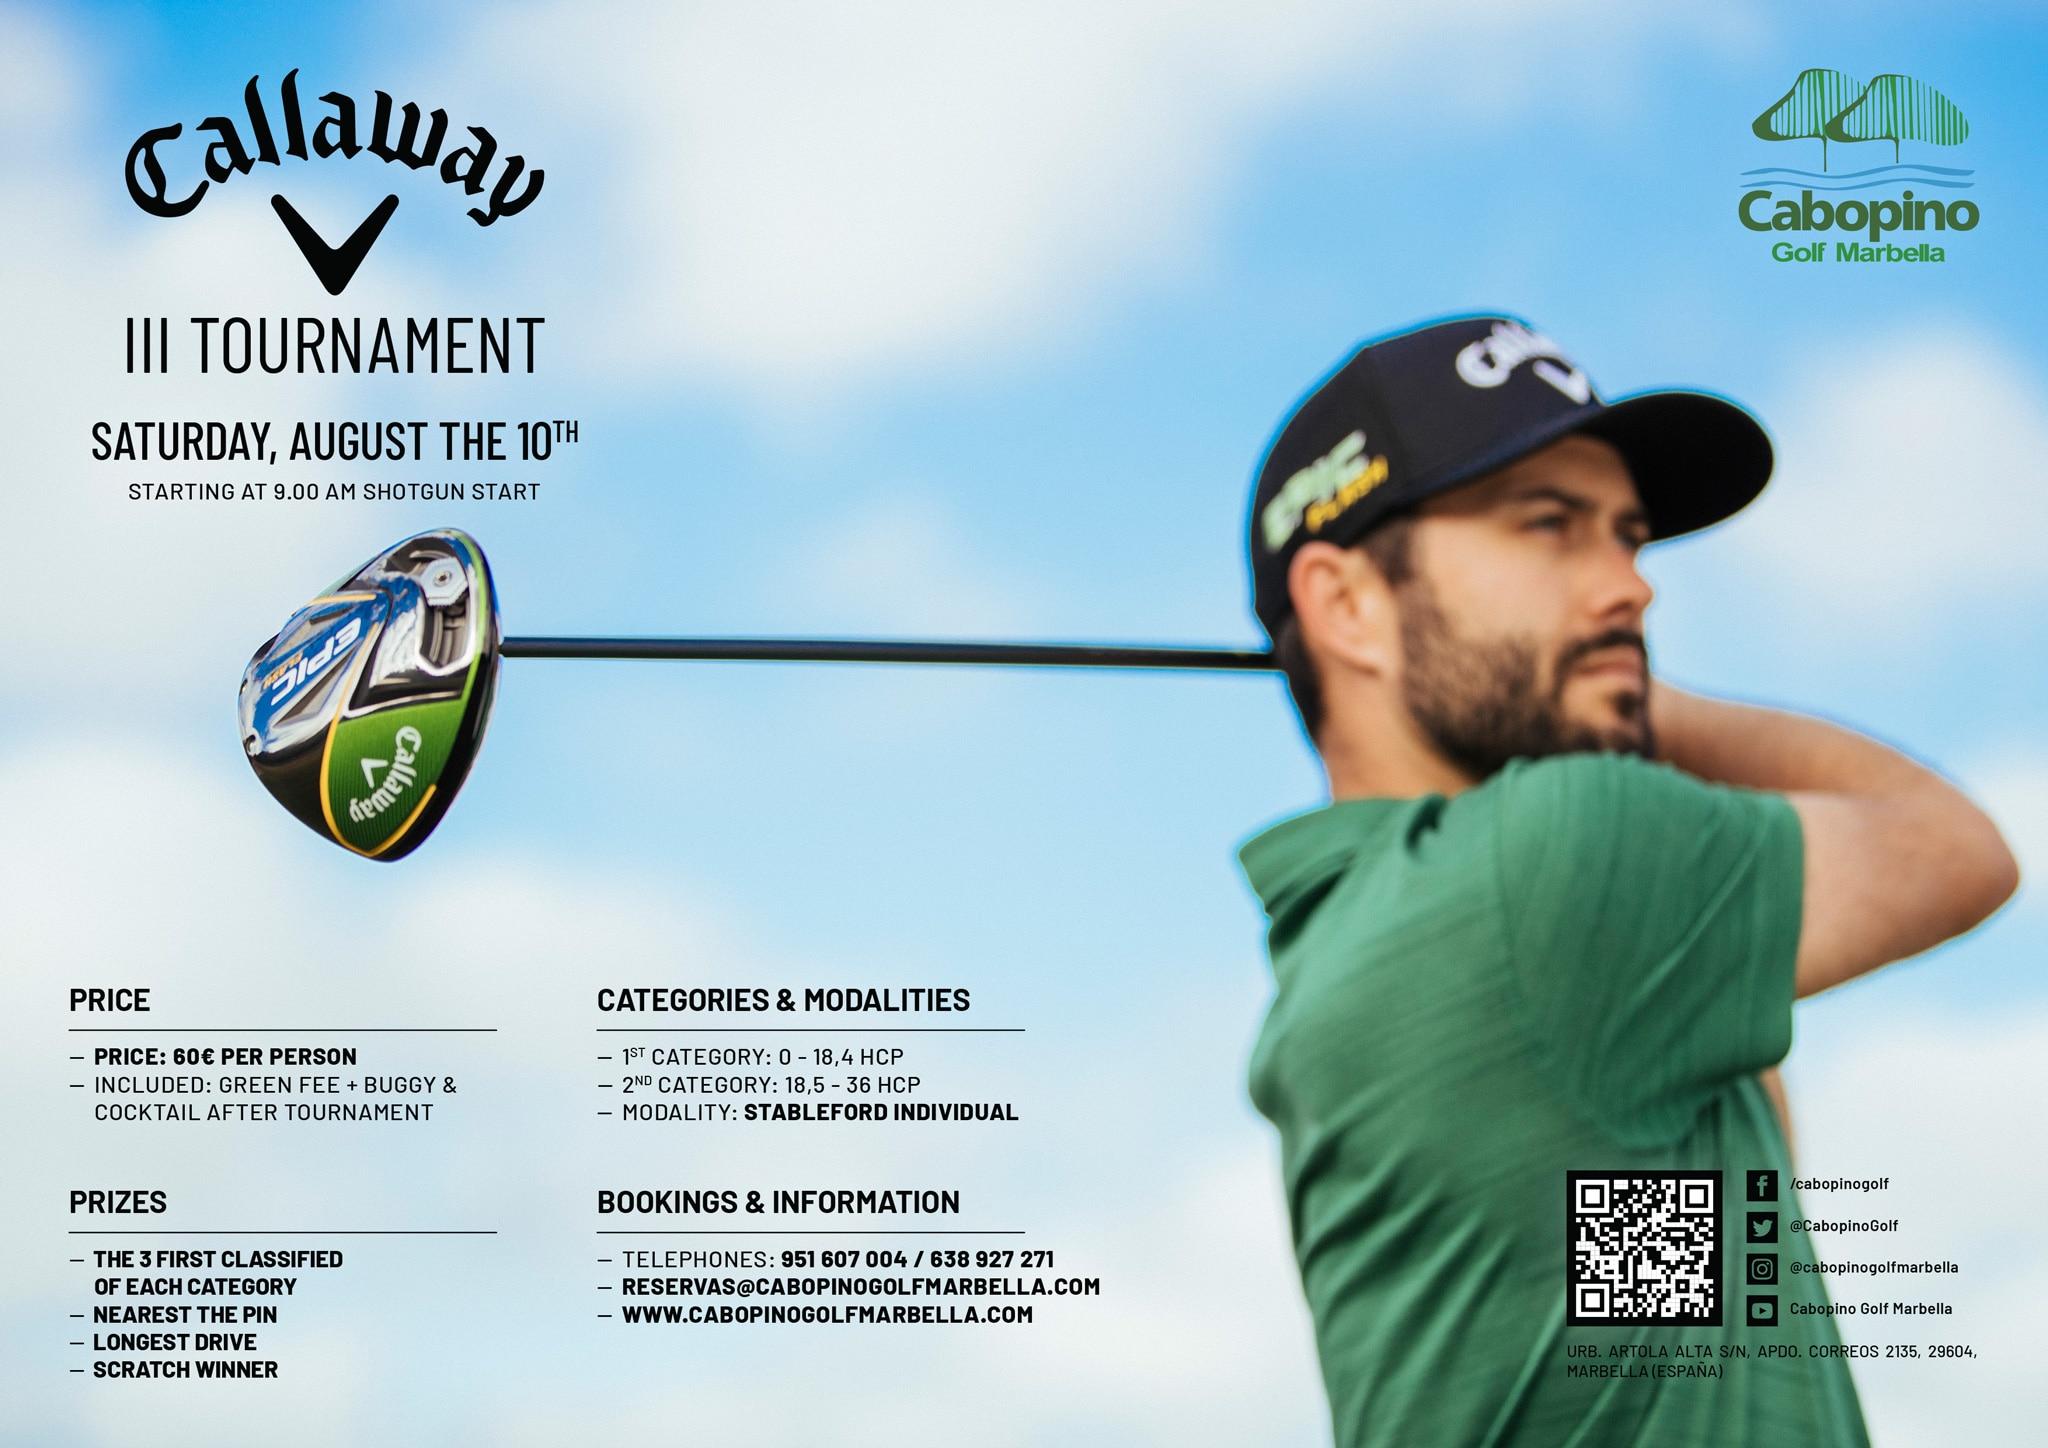 III Callaway Tournament
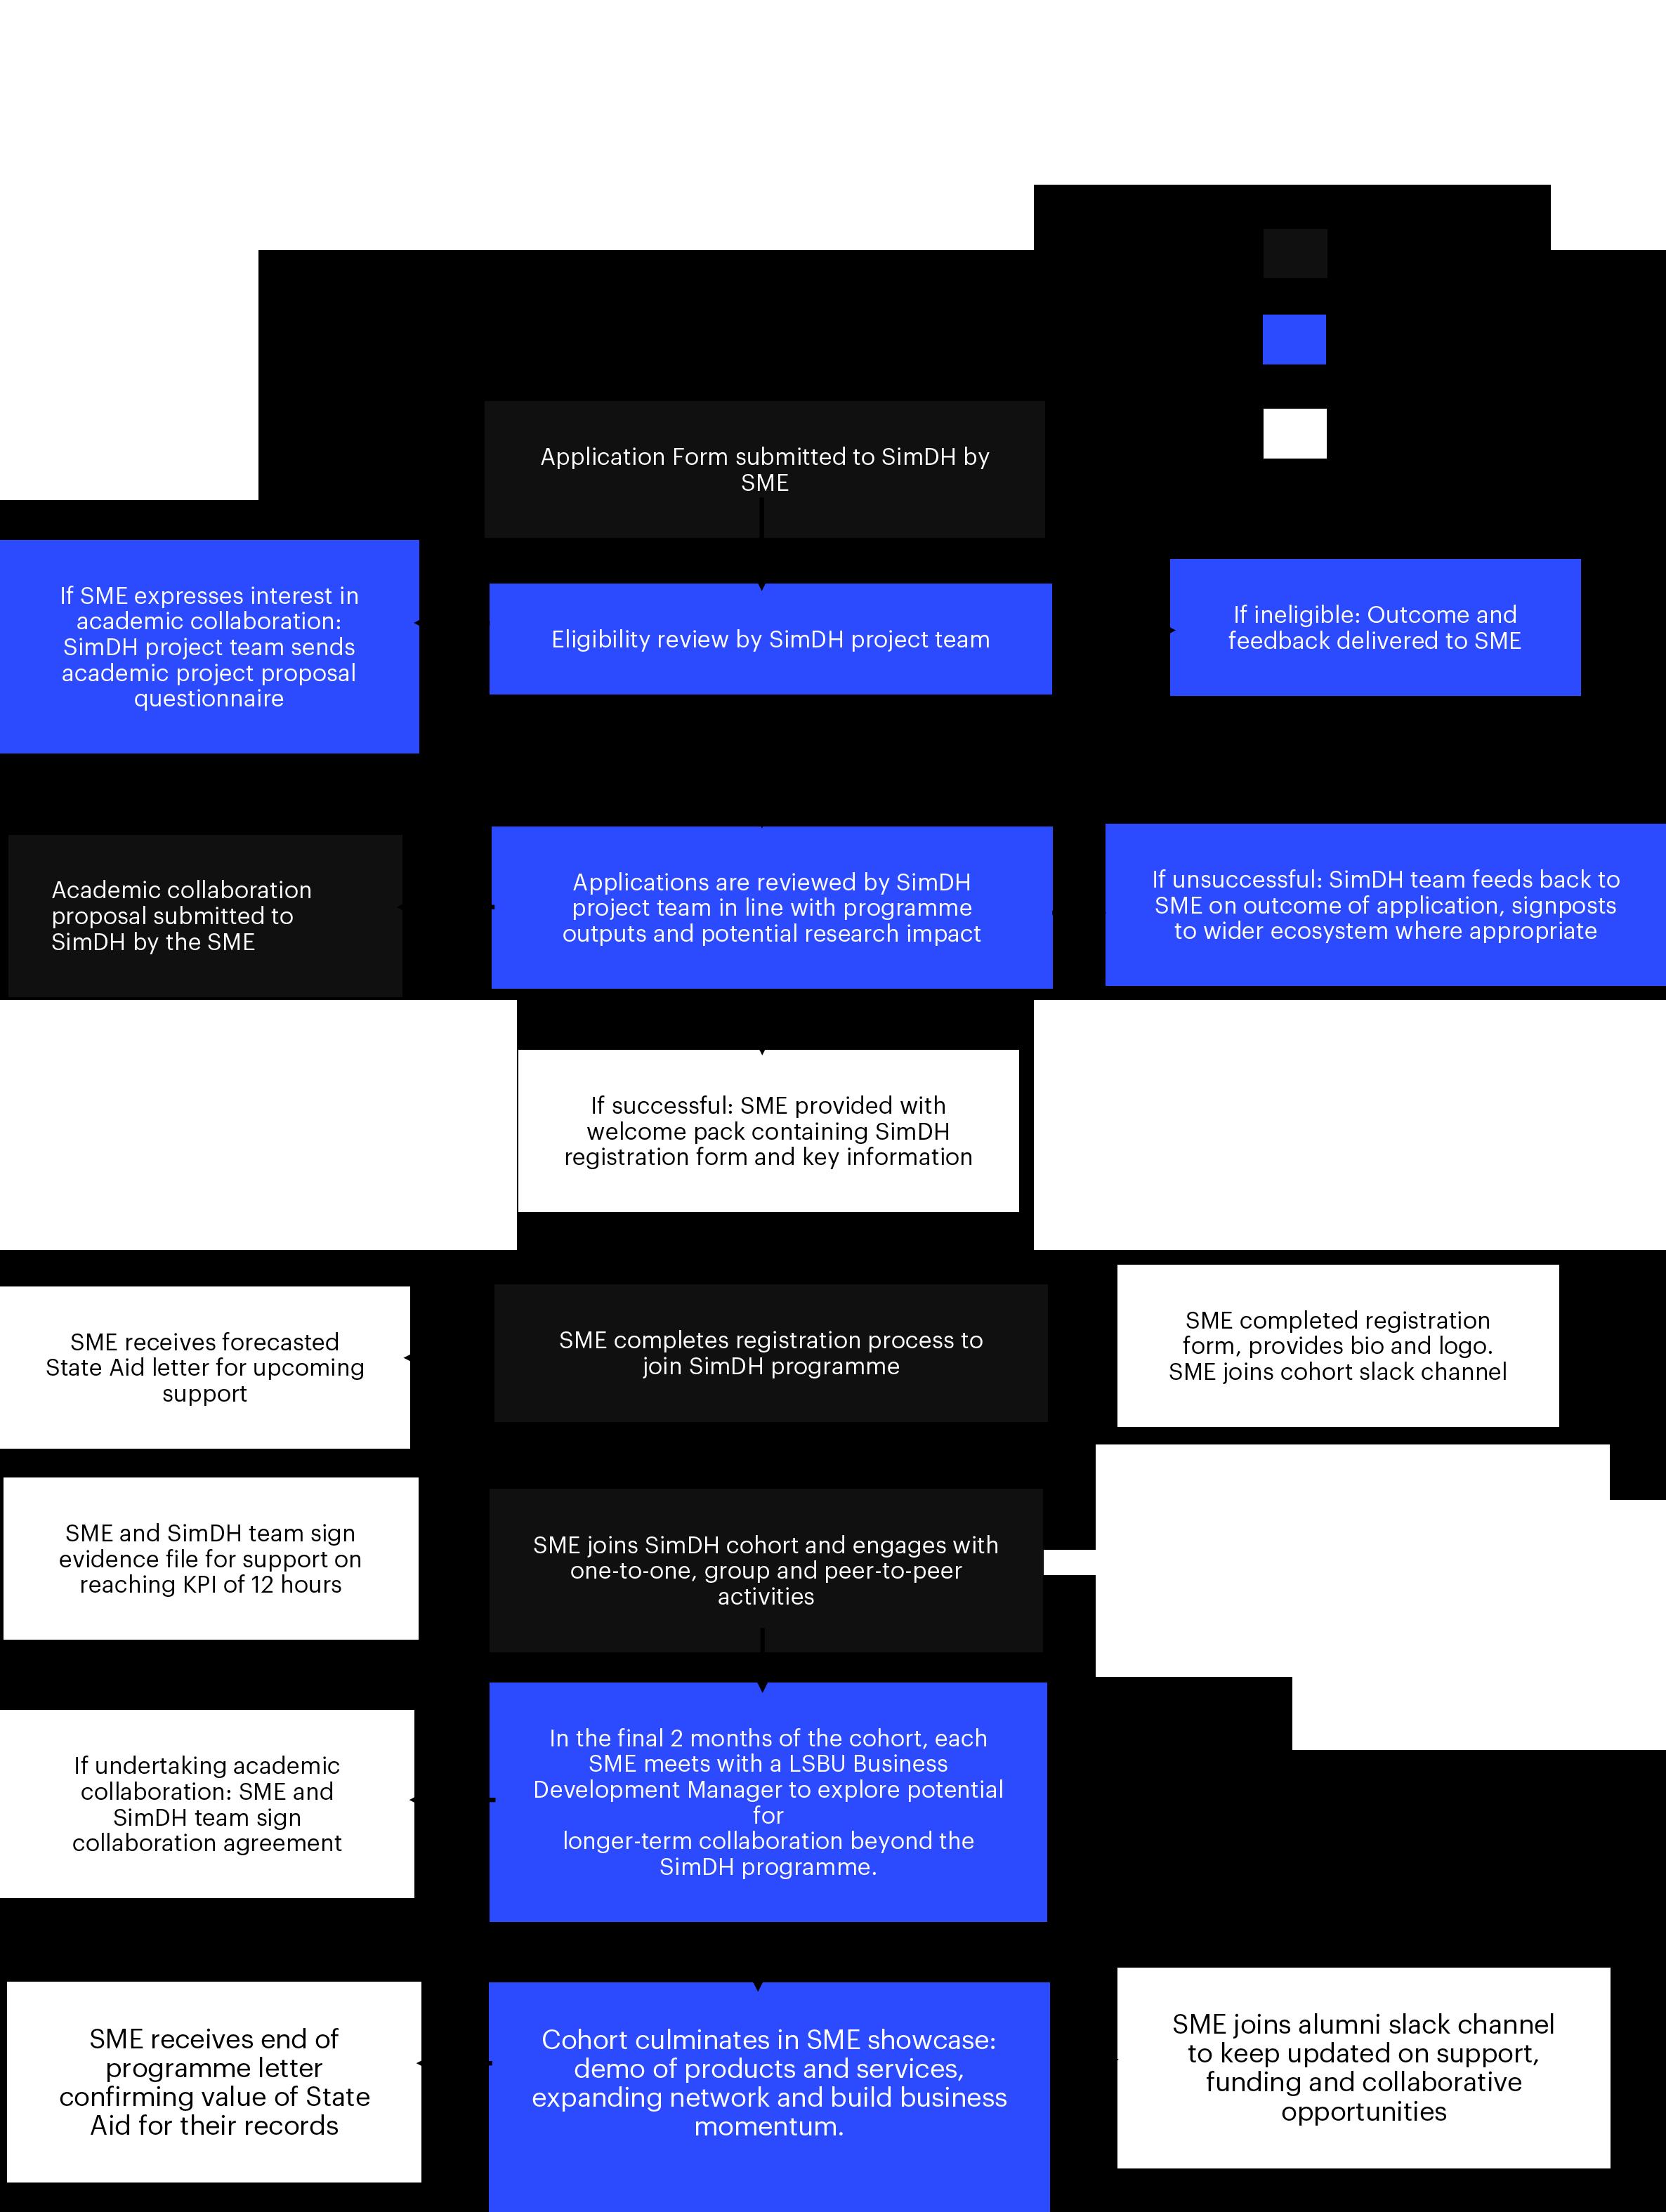 Flowchart of customer journey
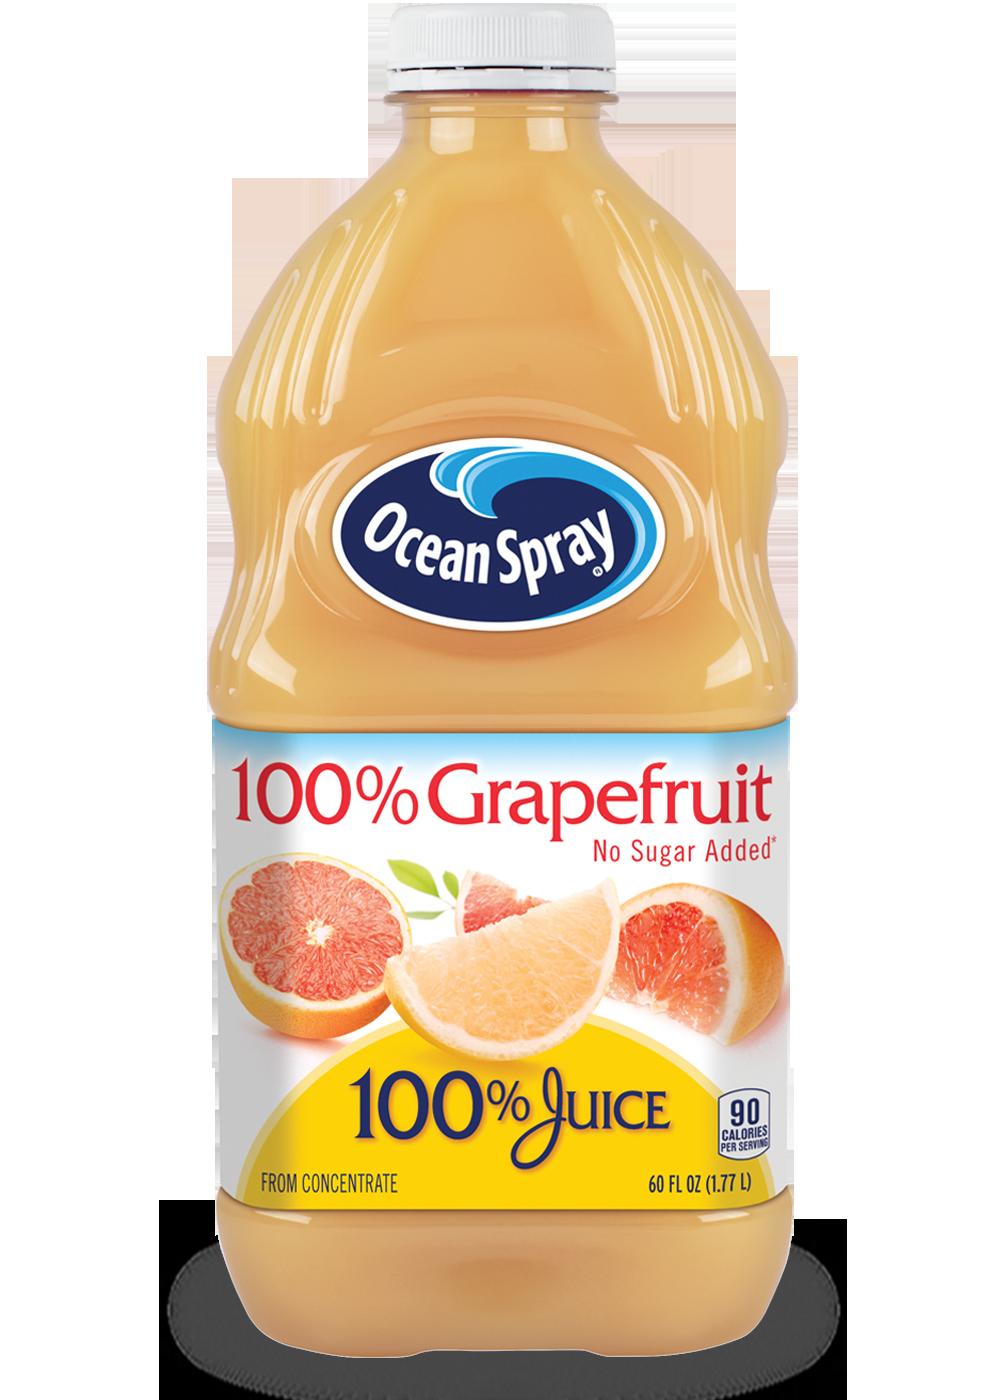 100% Grapefruit Juice

▶ _Task item_
Output the data above in full. Skip every picture.

▶ _Task output_
 III Callaway Tournament
 Flowchart of customer journey
 100% Grapefruit Juice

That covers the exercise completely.